* _DATASET CONTENT_:
★ ★ ★ ★ ★ ★ ★

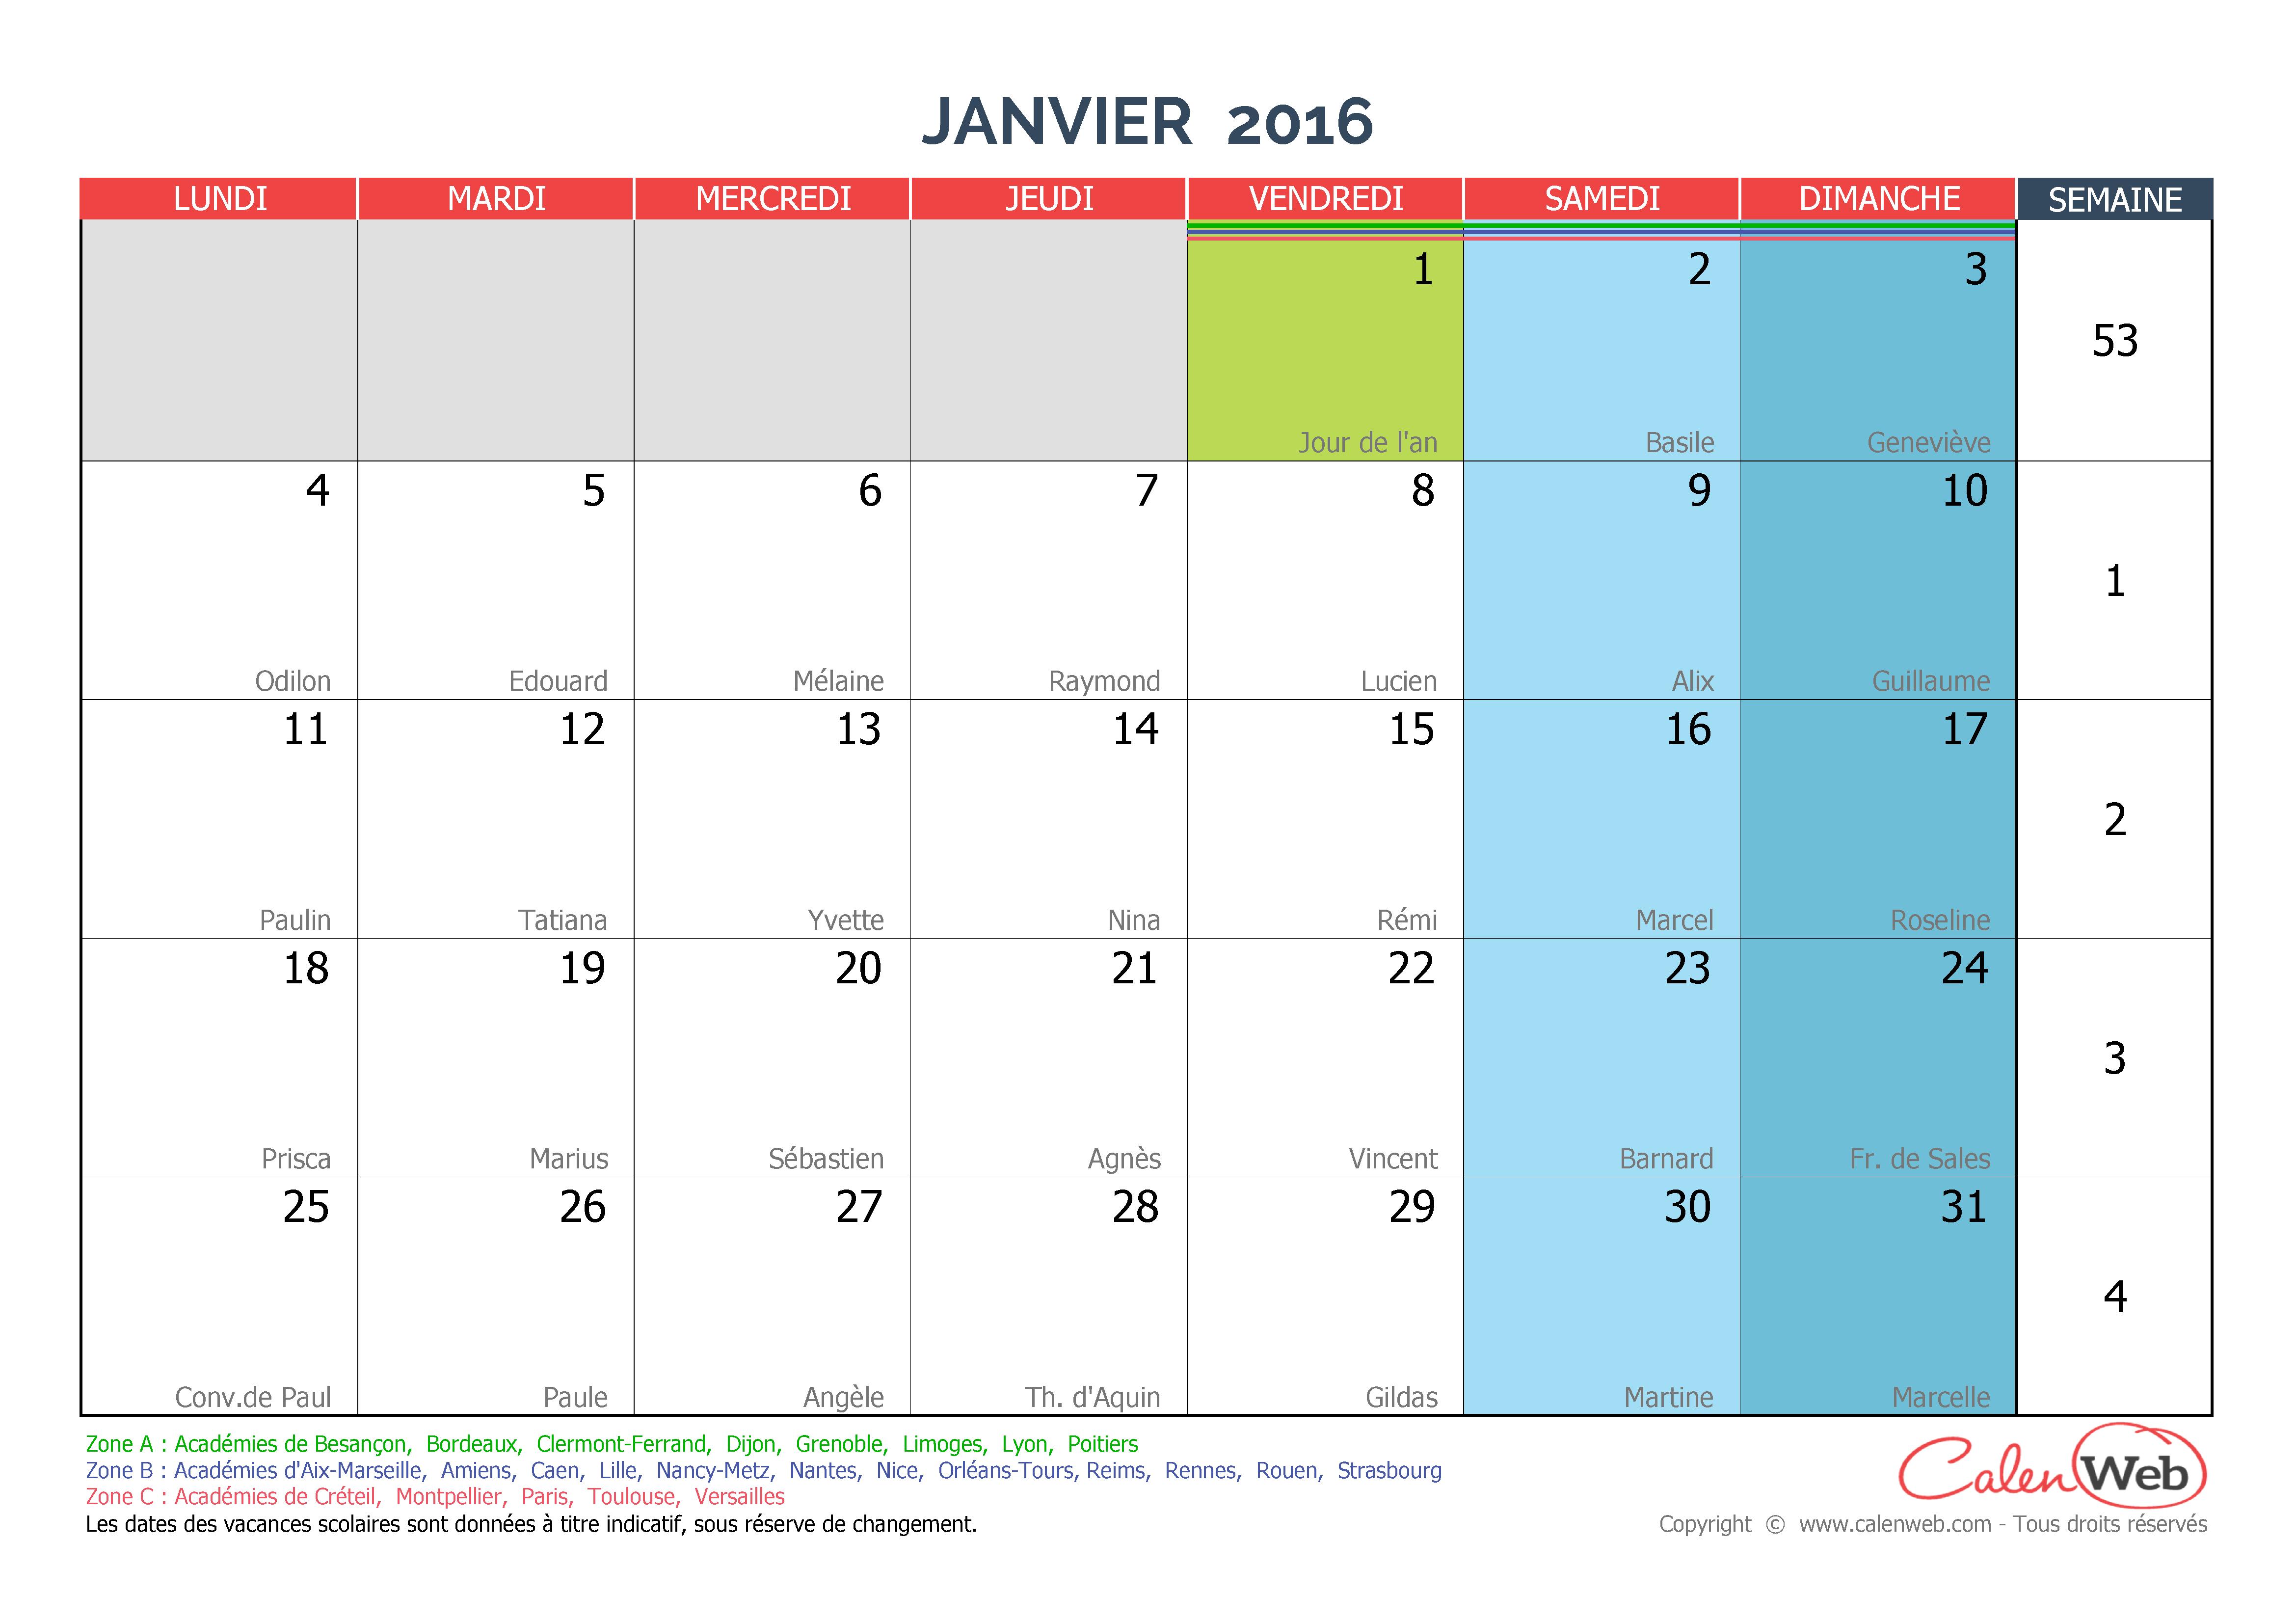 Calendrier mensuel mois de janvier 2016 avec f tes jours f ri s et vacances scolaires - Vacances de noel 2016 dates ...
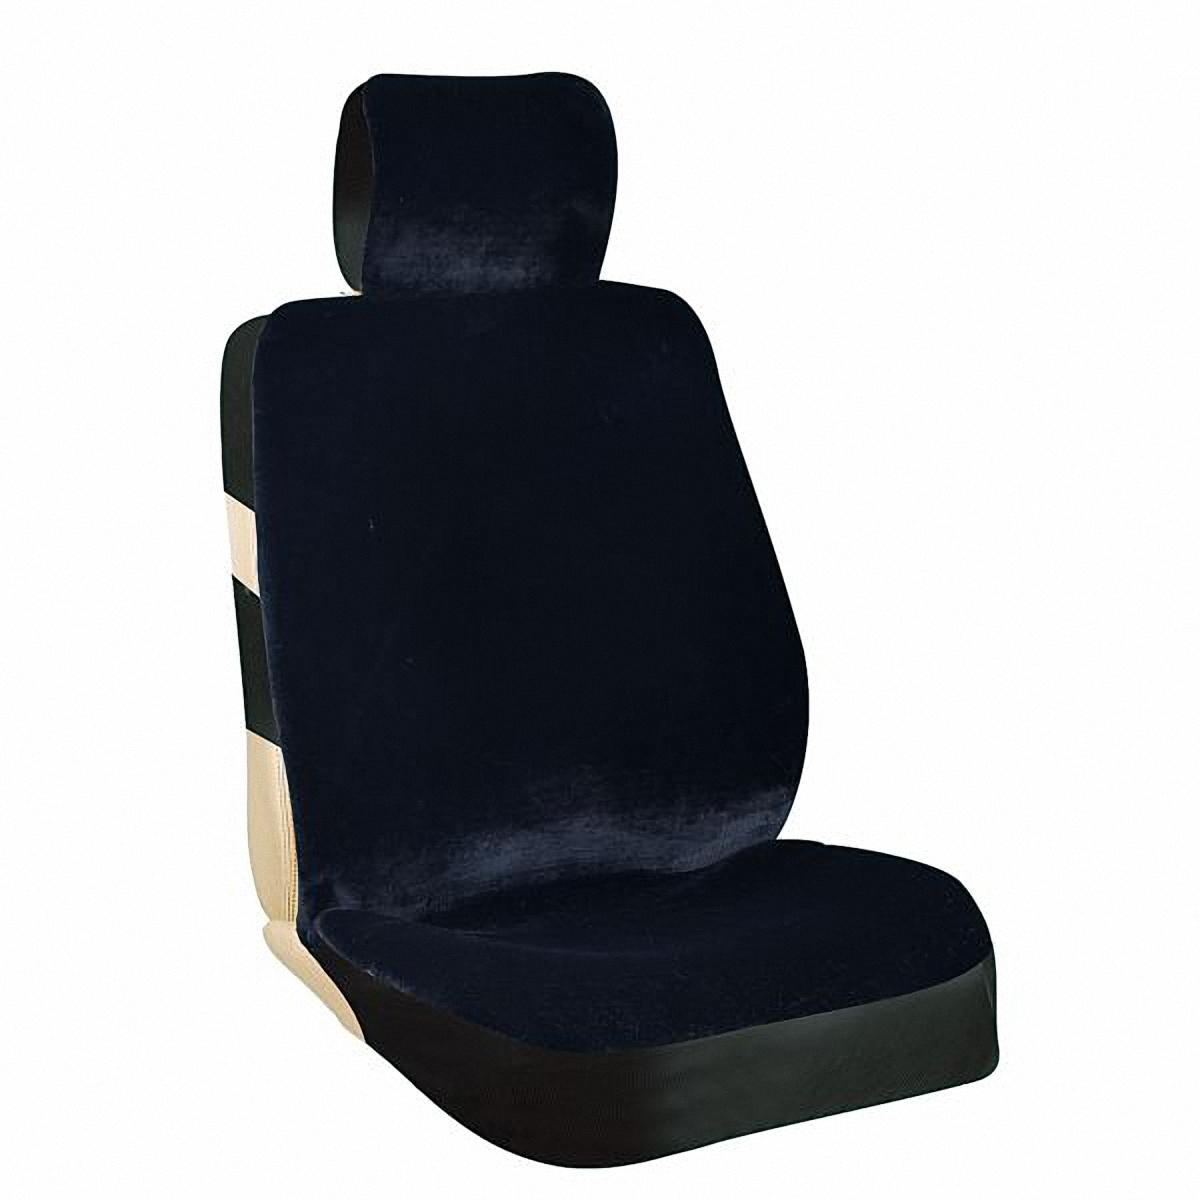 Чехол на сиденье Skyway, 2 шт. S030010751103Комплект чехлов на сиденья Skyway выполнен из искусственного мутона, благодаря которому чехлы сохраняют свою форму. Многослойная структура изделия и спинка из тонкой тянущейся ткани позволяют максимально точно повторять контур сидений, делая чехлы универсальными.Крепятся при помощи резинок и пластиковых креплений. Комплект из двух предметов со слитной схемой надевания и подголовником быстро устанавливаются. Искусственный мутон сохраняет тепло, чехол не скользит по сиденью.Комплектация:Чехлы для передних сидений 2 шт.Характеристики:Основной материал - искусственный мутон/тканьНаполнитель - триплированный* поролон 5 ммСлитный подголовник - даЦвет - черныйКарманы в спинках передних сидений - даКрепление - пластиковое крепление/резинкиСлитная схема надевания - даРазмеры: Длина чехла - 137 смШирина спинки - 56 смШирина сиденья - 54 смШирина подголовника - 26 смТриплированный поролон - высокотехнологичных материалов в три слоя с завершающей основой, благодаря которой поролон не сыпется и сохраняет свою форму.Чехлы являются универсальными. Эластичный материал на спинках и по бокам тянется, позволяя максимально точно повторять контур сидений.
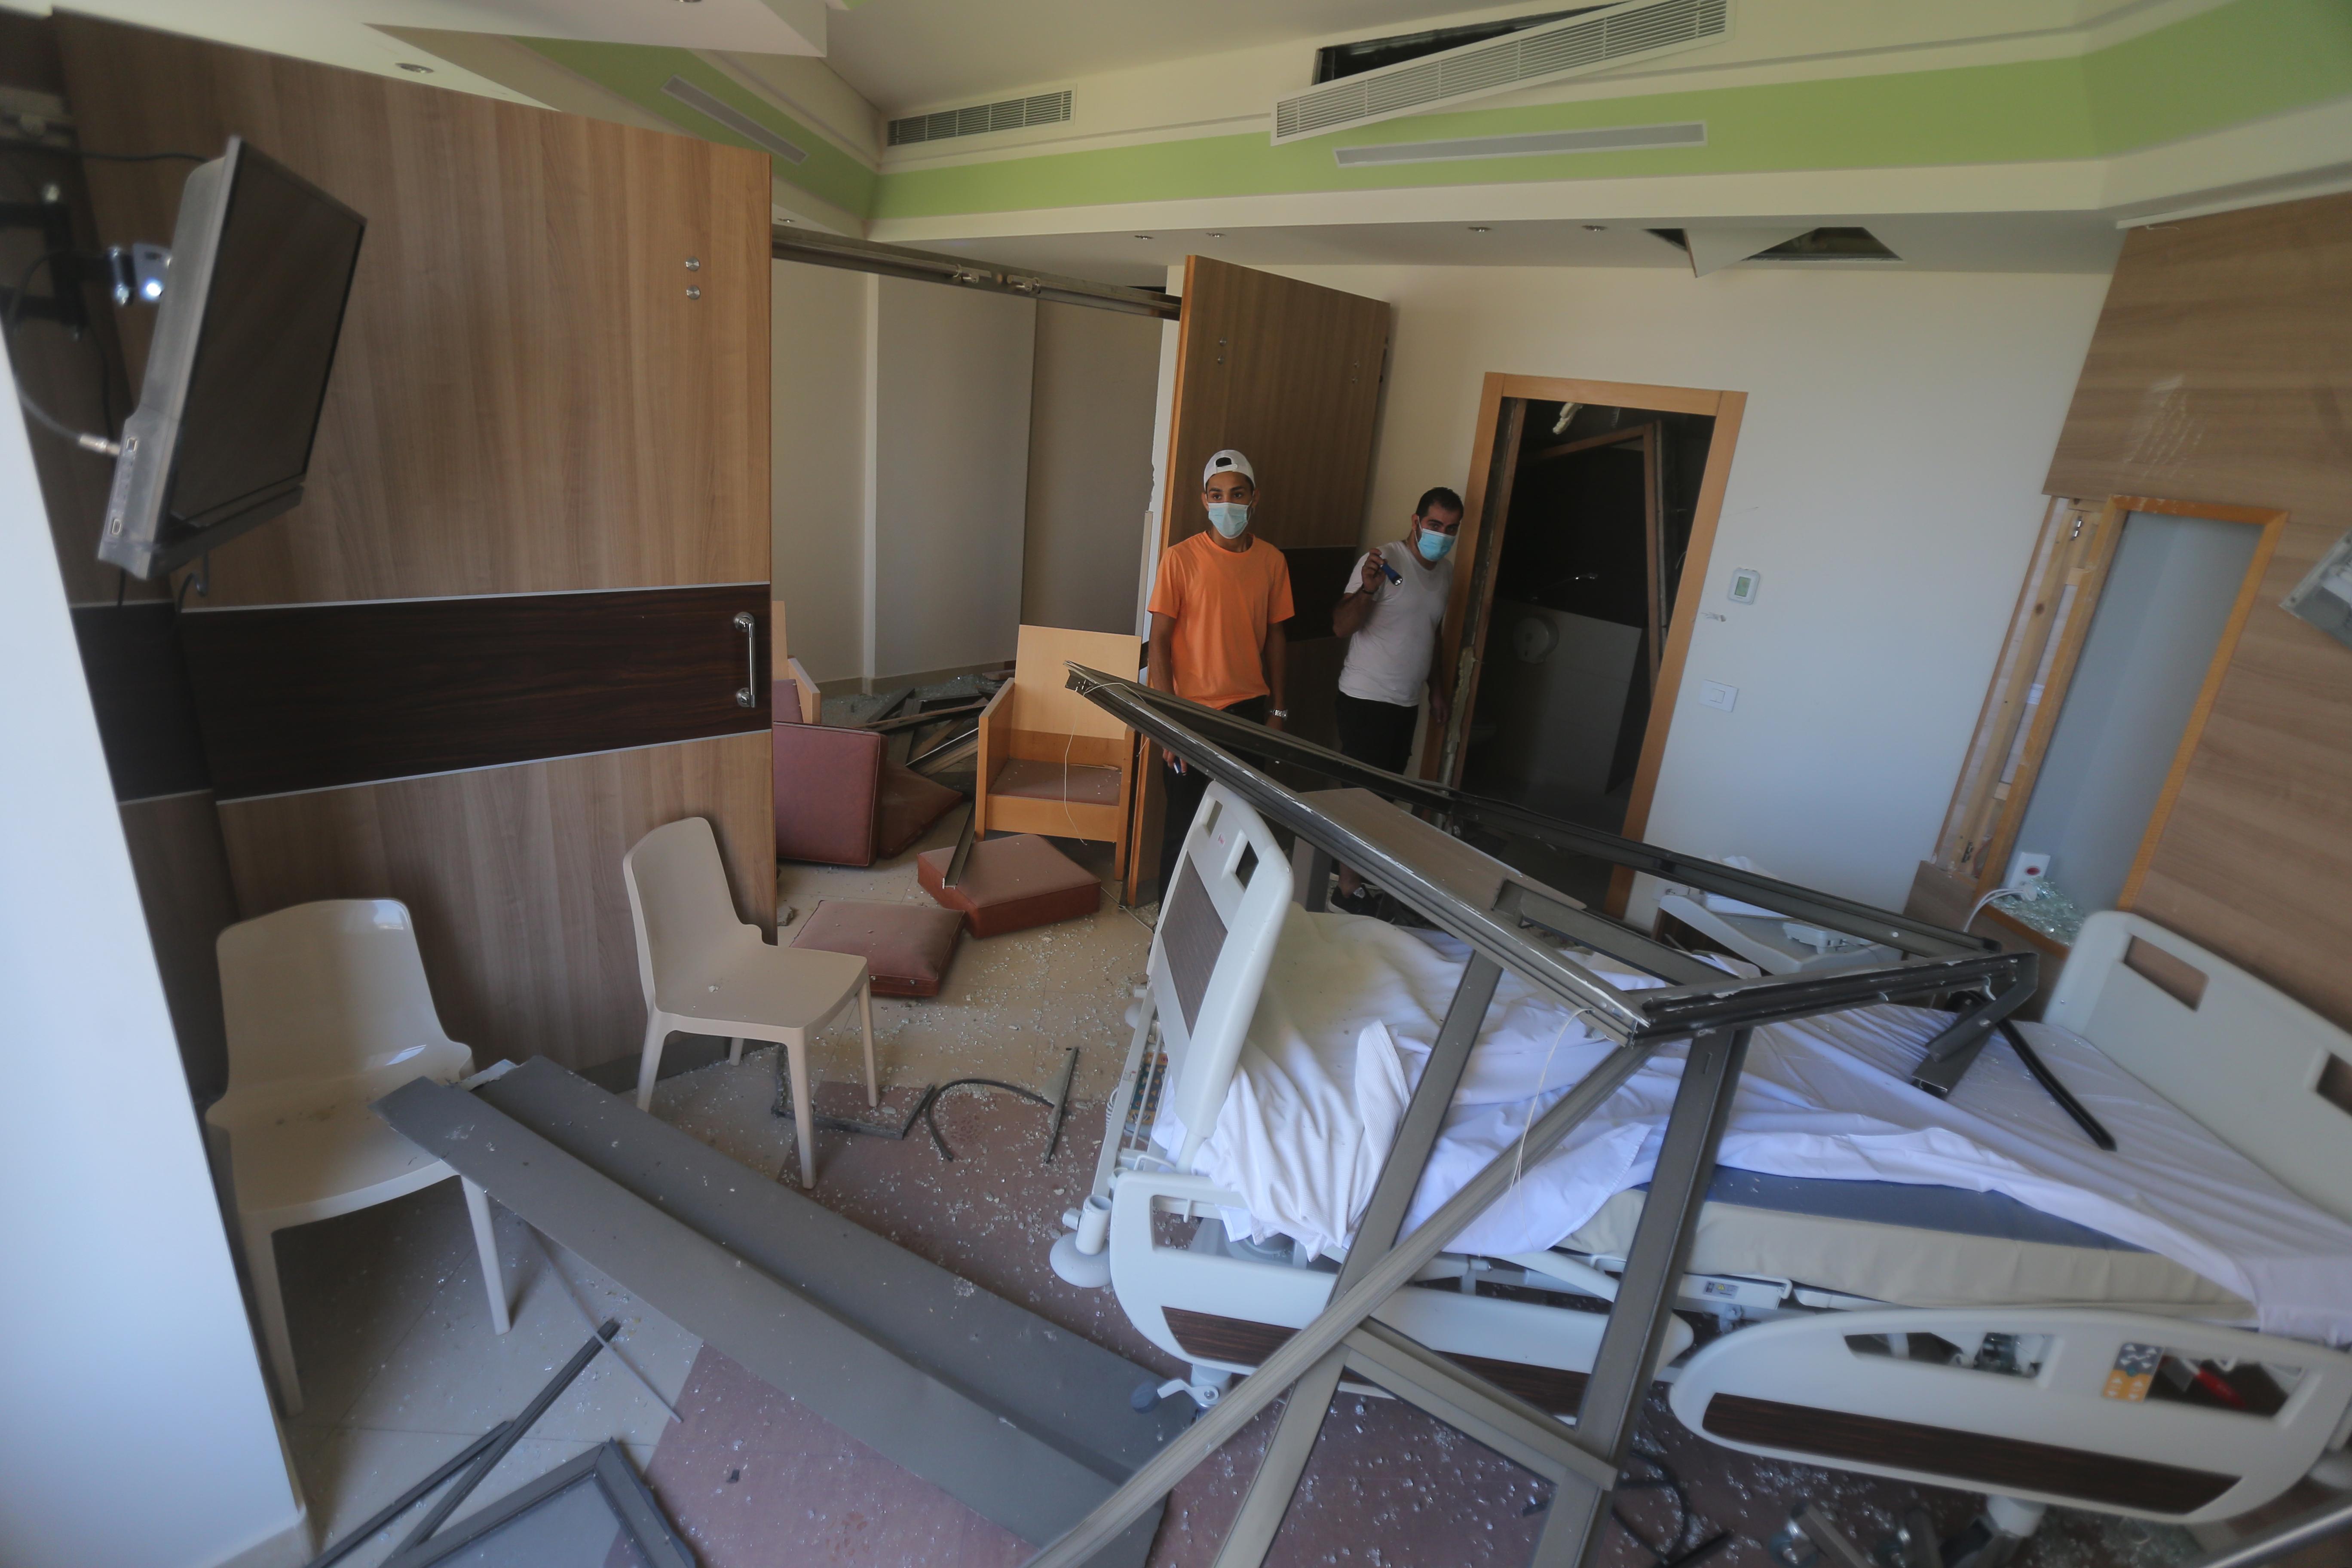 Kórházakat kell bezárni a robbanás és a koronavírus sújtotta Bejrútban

★ ★ ★ ★ ★ ★ ★

* _REQUIREMENT_:
Leaving out the pictures, transcribe the material above exactly.

* _COMPLETED TASK_:
 Calendrier mensuel mois de janvier 2016 avec f tes jours f ri s et vacances scolaires - Vacances de noel 2016 dates ...
 Чехол на сиденье Skyway, 2 шт. S030010751103Комплект чехлов на сиденья Skyway выполнен из искусственного мутона, благодаря которому чехлы сохраняют свою форму. Многослойная структура изделия и спинка из тонкой тянущейся ткани позволяют максимально точно повторять контур сидений, делая чехлы универсальными.Крепятся при помощи резинок и пластиковых креплений. Комплект из двух предметов со слитной схемой надевания и подголовником быстро устанавливаются. Искусственный мутон сохраняет тепло, чехол не скользит по сиденью.Комплектация:Чехлы для передних сидений 2 шт.Характеристики:Основной материал - искусственный мутон/тканьНаполнитель - триплированный* поролон 5 ммСлитный подголовник - даЦвет - черныйКарманы в спинках передних сидений - даКрепление - пластиковое крепление/резинкиСлитная схема надевания - даРазмеры: Длина чехла - 137 смШирина спинки - 56 смШирина сиденья - 54 смШирина подголовника - 26 смТриплированный поролон - высокотехнологичных материалов в три слоя с завершающей основой, благодаря которой поролон не сыпется и сохраняет свою форму.Чехлы являются универсальными. Эластичный материал на спинках и по бокам тянется, позволяя максимально точно повторять контур сидений.
 Kórházakat kell bezárni a robbanás és a koronavírus sújtotta Bejrútban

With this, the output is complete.